In an action, inter alia, to recover damages for breach of contract and fraud, the plaintiff appeals from a judgment of the Supreme Court, Nassau County (Robbins, J.), dated November 10, 1988, which, upon an order dated November 4, 1988, which, inter alia, granted that branch of the defendants’ motion which was for summary judgment on the counterclaim of the defendant Selig & Sussman, Inc., in the principal sum of $680,000, representing the unpaid balance on a series of promissory notes, is in favor of Selig and Sussman, Inc., and against him in the principal sum of $680,000. The appeal brings up for review an order of the same court, dated February 28, 1989, which denied the plaintiff’s motion to renew his opposition to the motion for summary judgment (see, CPLR 5517; Schieck v Schieck, 138 AD2d 688; cf., Matter of Adam James B., 141 AD2d 634).
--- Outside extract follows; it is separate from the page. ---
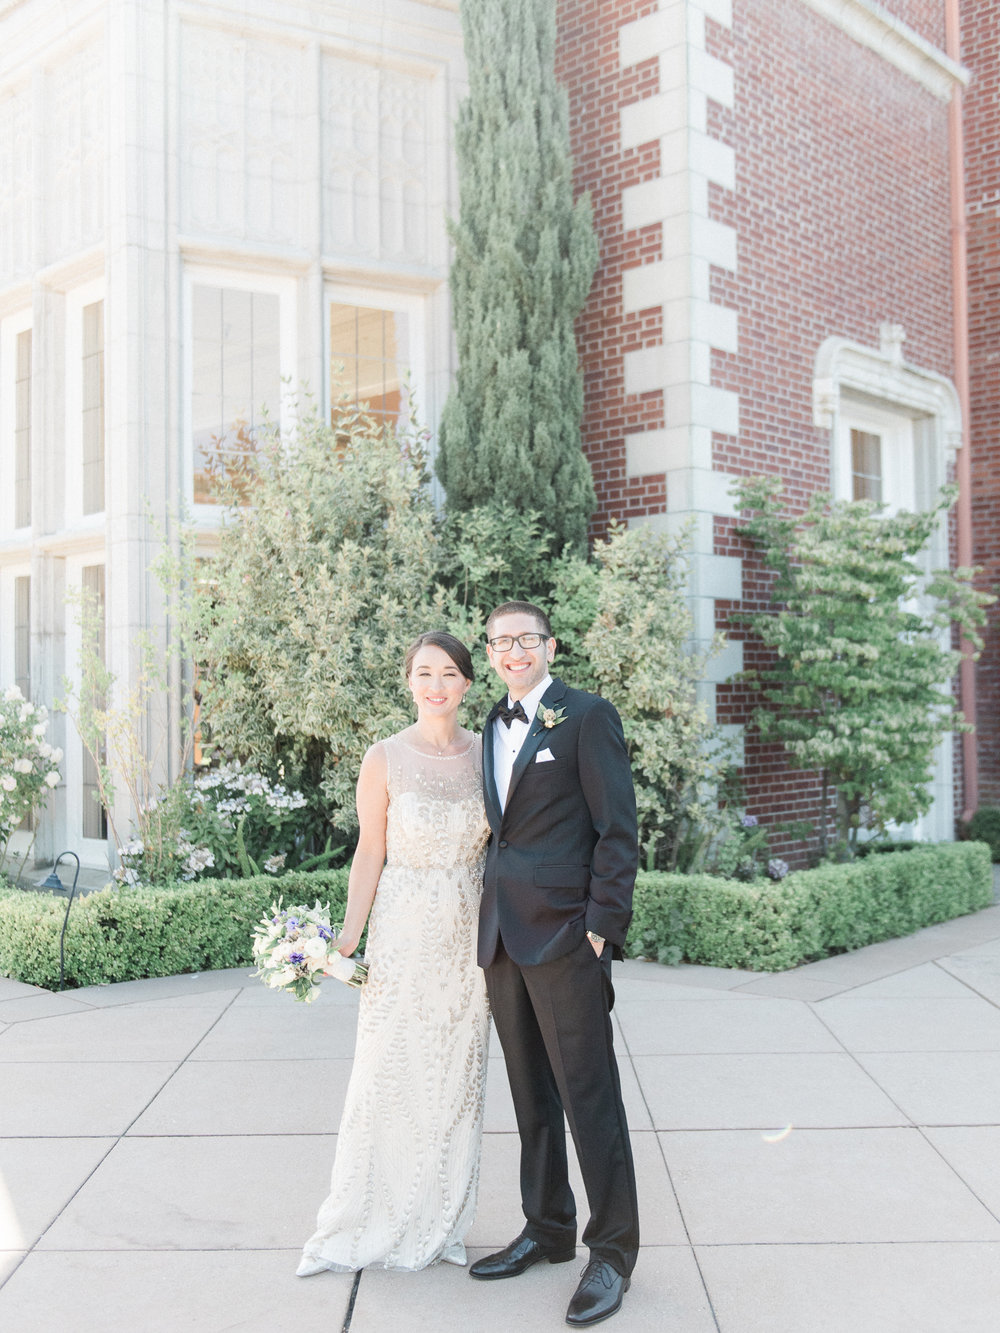 Sarah+Warren_wedding_spp-117.jpg

Ordered that the judgment and the order are affirmed, with one bill of costs.
The defendant Selig & Sussman, Inc., established its counterclaim as a matter of law by proof of the existence of the promissory notes and the nonpayment of each according to its terms (see, Marshall v Colvin Motor Parts, 140 AD2d 673; National Westminster Bank v Barrier Technology Corp., 131 AD2d 552). It was then incumbent upon the plaintiff to demonstrate, by admissible evidence, the existence of a triable issue of fact (see, Marshall v Colvin Motor Parts, supra, at 674) and the plaintiff failed to do so. The plaintiff’s claims of breach of contract and fraud amount to no more than unsubstantiated, conclusory assertions which were insufficient to defeat the grant of summary judgment in favor of the defendant Selig & Sussman, Inc. (see, Ihmels v Kahn, 126 AD2d 701; Blue Ridge Business Brokers v Ros-Mar Club, 121 AD2d 492). Moreover, the failure of the plaintiff to complete discovery did not preclude the grant of summary judgment to that defendant (see, Chemical Bank v PIC Motors Corp., 58 NY2d 1023, 1026).
The plaintiff’s motion for leave to renew his opposition to the motion for summary judgment was properly denied (see, Patti v Patti, 146 AD2d 757, 758).
We find no merit to the plaintiff’s remaining contentions.
Mangano, P. J., Thompson, Lawrence and O’Brien, JJ., concur.